Given:
Equation of Curve is:
[tex]y=\frac{1}{2}\ln (\sin ^2x)[/tex]
To find: Equation of tangent to the curve at point
[tex](\frac{\pi}{4},\frac{-1\ln 2}{2})[/tex]
Equation of tangent to the curve is given by:
[tex]y-y_1=m(x-x_1)[/tex]
where, m is slope of line.
Now, m is derivative of y with respect to x at given point.
Hence,
[tex]\begin{gathered} m=\frac{1}{2}\text{ }\times\frac{2\sin x\cos x}{\sin^2x} \\ m=\frac{\cos \text{ x}}{\sin \text{ x}} \\ m=\cot \text{ x} \end{gathered}[/tex]
At given point, the slope m is:
[tex]\begin{gathered} m=\cot (\frac{\pi}{4}) \\ m=1 \end{gathered}[/tex]

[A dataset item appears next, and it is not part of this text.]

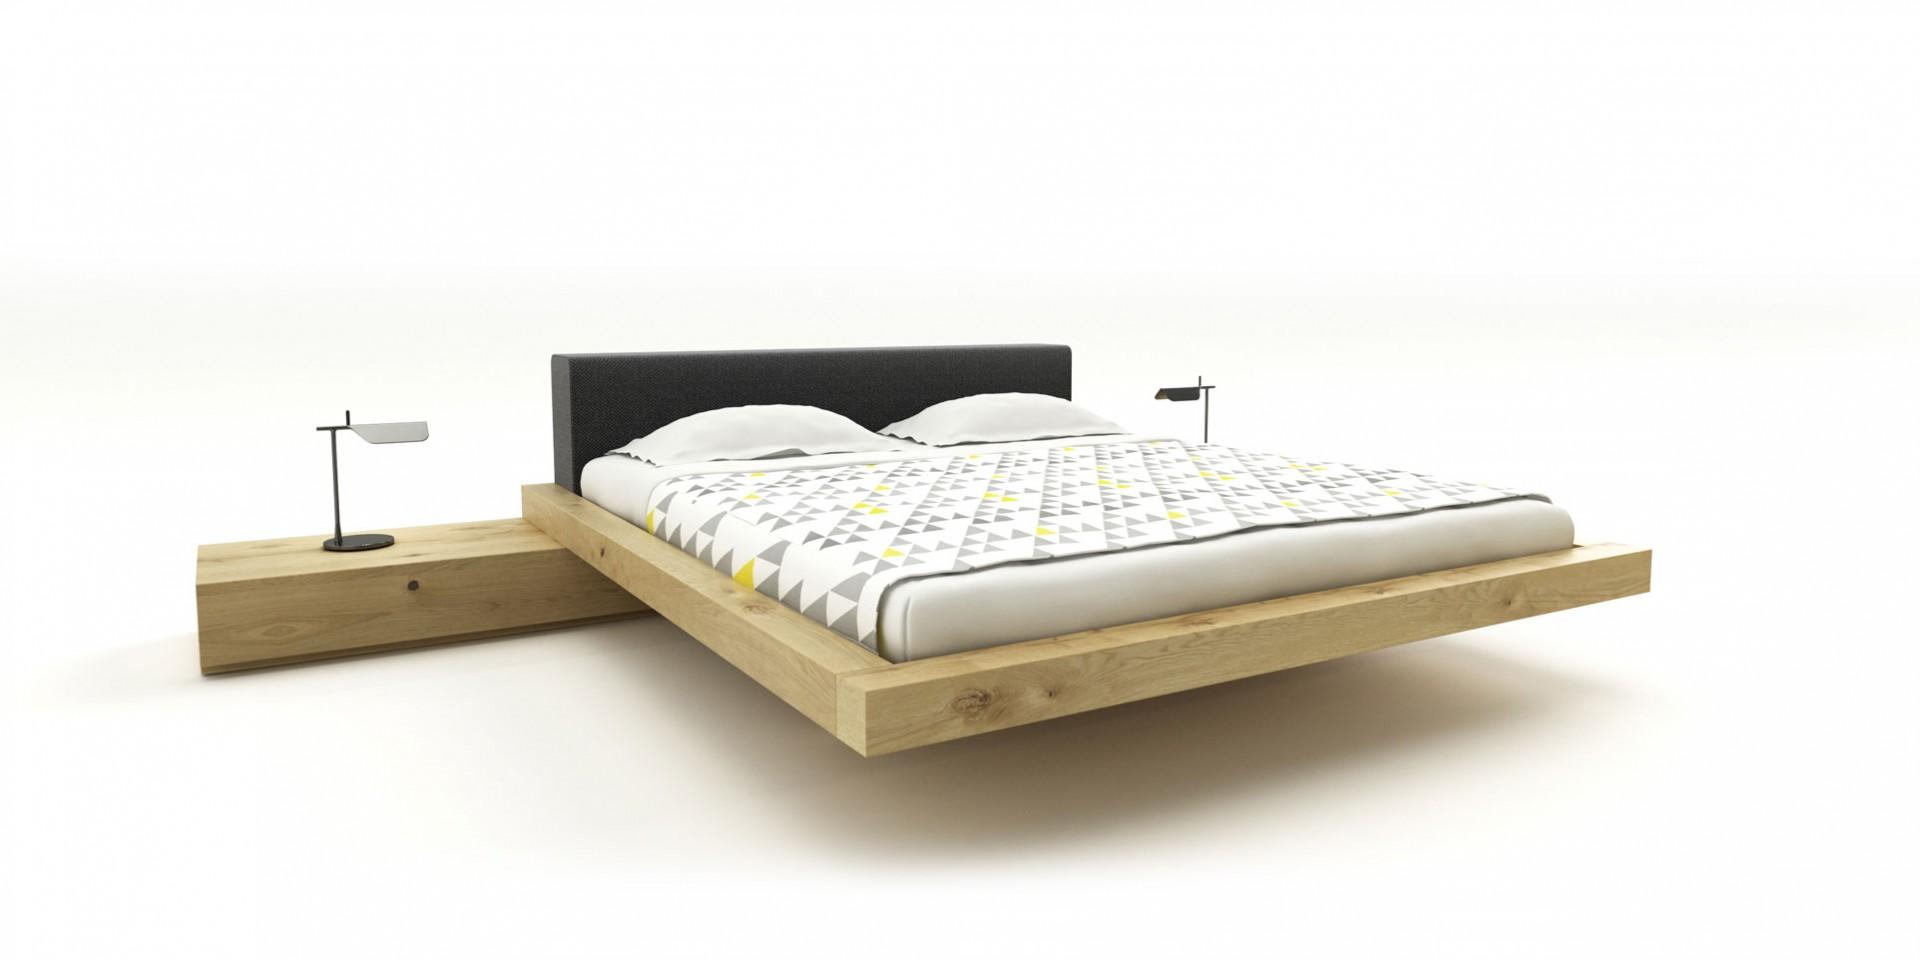 posteľ way z masívneho dubového dreva s látkovým čalúneným čelom, masívna drevená posteľ, dubová posteľ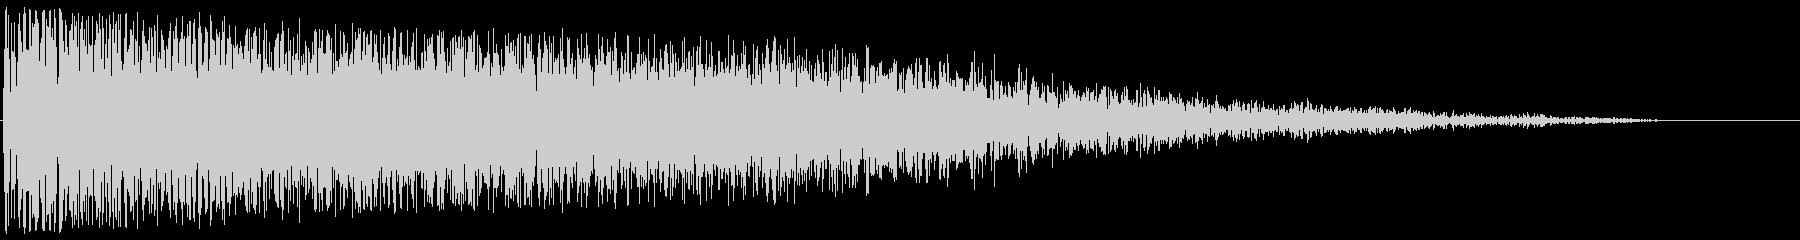 レーザービーム発射(重厚感のある爽快音)の未再生の波形

Therefore,the equation of tangent to the curve is given as:
[tex]\begin{gathered} y-y_1=1(x-x_1) \\ y-(\frac{-1(\ln \text{ 2))}}{2})=x-\frac{\pi}{4} \\ \frac{2y+\ln \text{ 2}}{2}=\frac{4x-\pi}{4} \\ 2y+\ln 2=\frac{4x-\pi}{2} \end{gathered}[/tex][tex]\begin{gathered} 4y+2\ln 2=4x-\pi \\ 4y=4x-\pi-2\ln 2 \end{gathered}[/tex]
Thus the required equation of tangent to the curve is
[tex]4y=4x-\pi-2\ln 2[/tex]